Now, the New York Civil Liberties Union is calling attention to the still-active and destructive remnants of these policies through the Greenwich Village–based, pop-up Museum of Broken Windows. Featuring performances, installations, and other contributions by activist artists, the museum is designed to call attention to the continued “ineffectiveness of broken windows policing, which criminalizes our most vulnerable communities.” It also emphasizes the racial injustices that provide context and characterize the outcomes of those policies. As Laura Feinstein writes for CityLab:

In addition to original art, the museum is filled with heartbreaking mementos, press clippings, and photos from the height of broken windows. It has the haunted time-capsule feeling of the 9/11 Memorial Museum and the physical look of an activist meet-up space. Splashed on the walls is beat-esque poetry graffiti. Statistics illuminate police brutality rates and highlight racial inequality in the criminal justice system. This stands shoulder-to-shoulder with large-scale installations that speak directly to broken windows as well as the period in 2011, when stop and frisk was at its height.

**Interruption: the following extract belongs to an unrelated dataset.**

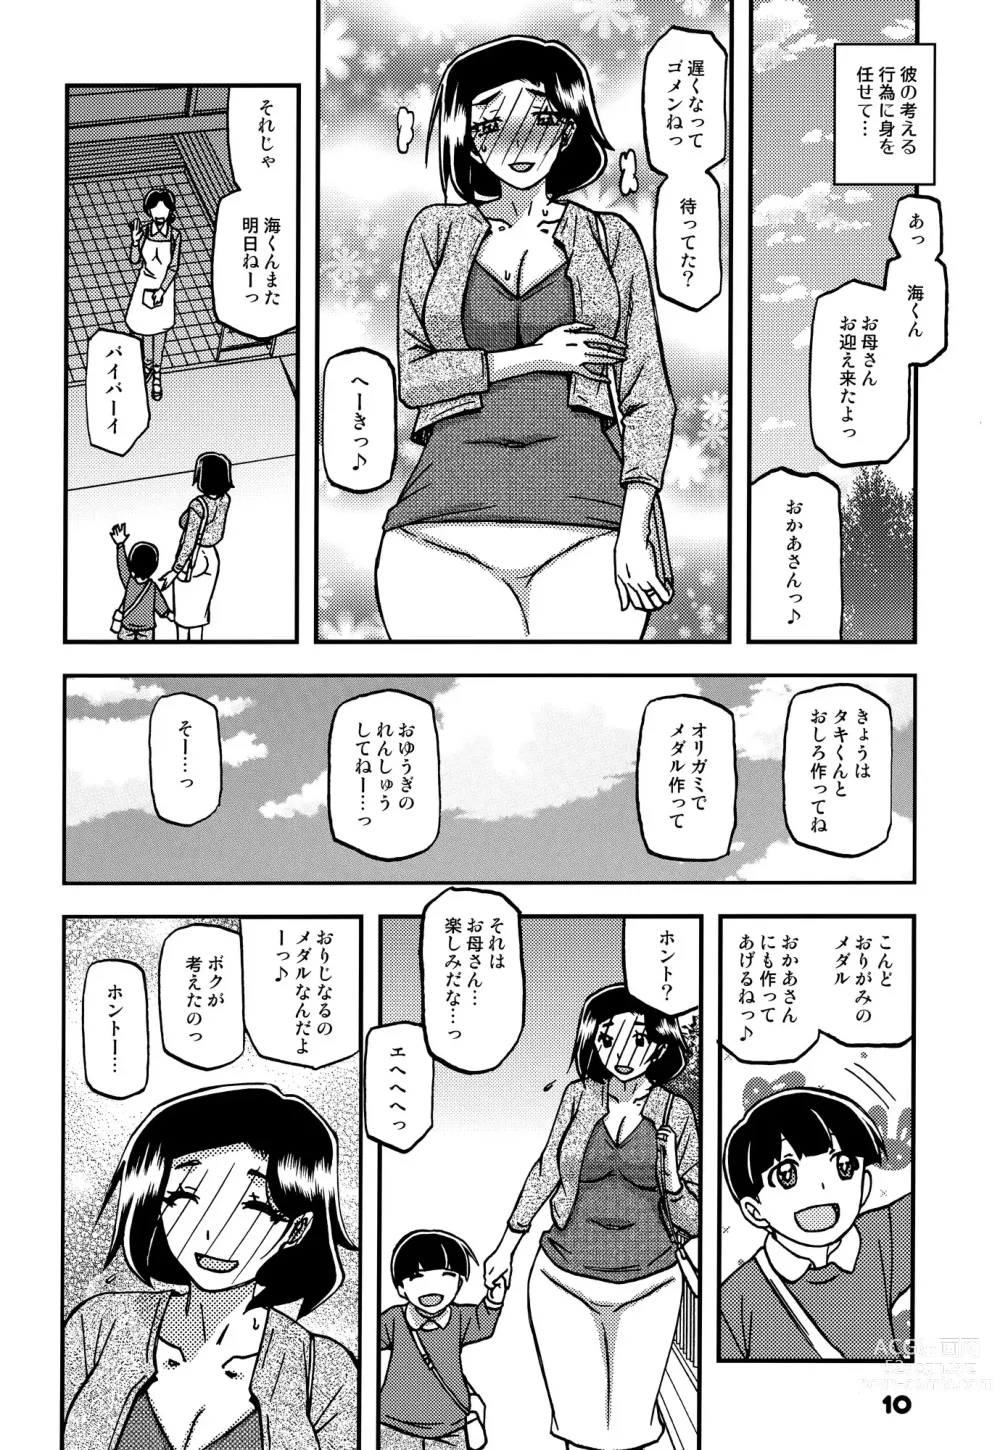 Page 9 of doujinshi Akebi no Mi - Misora AFTER

One of the most striking pieces in the show is Jordan J. Weber’s installation of a destroyed cop car. The cruiser’s windows are broken, and ferns, peace lilies, and other plants grow through the doors and windshield. The plants were chosen specifically for their ability to purify air, as an homage to NASA’s Clean Air Study and a direct reference to Eric Garner’s last words—“I can’t breathe”—as he was asphyxiated by Staten Island police in 2014.

The exhibit evolved out of a larger effort called “The Listening Room,” which travelled through 30 neighborhoods and parks in New York City soliciting stories from thousands of people about their experiences with the police and for policy ideas, which were then sent to the mayor.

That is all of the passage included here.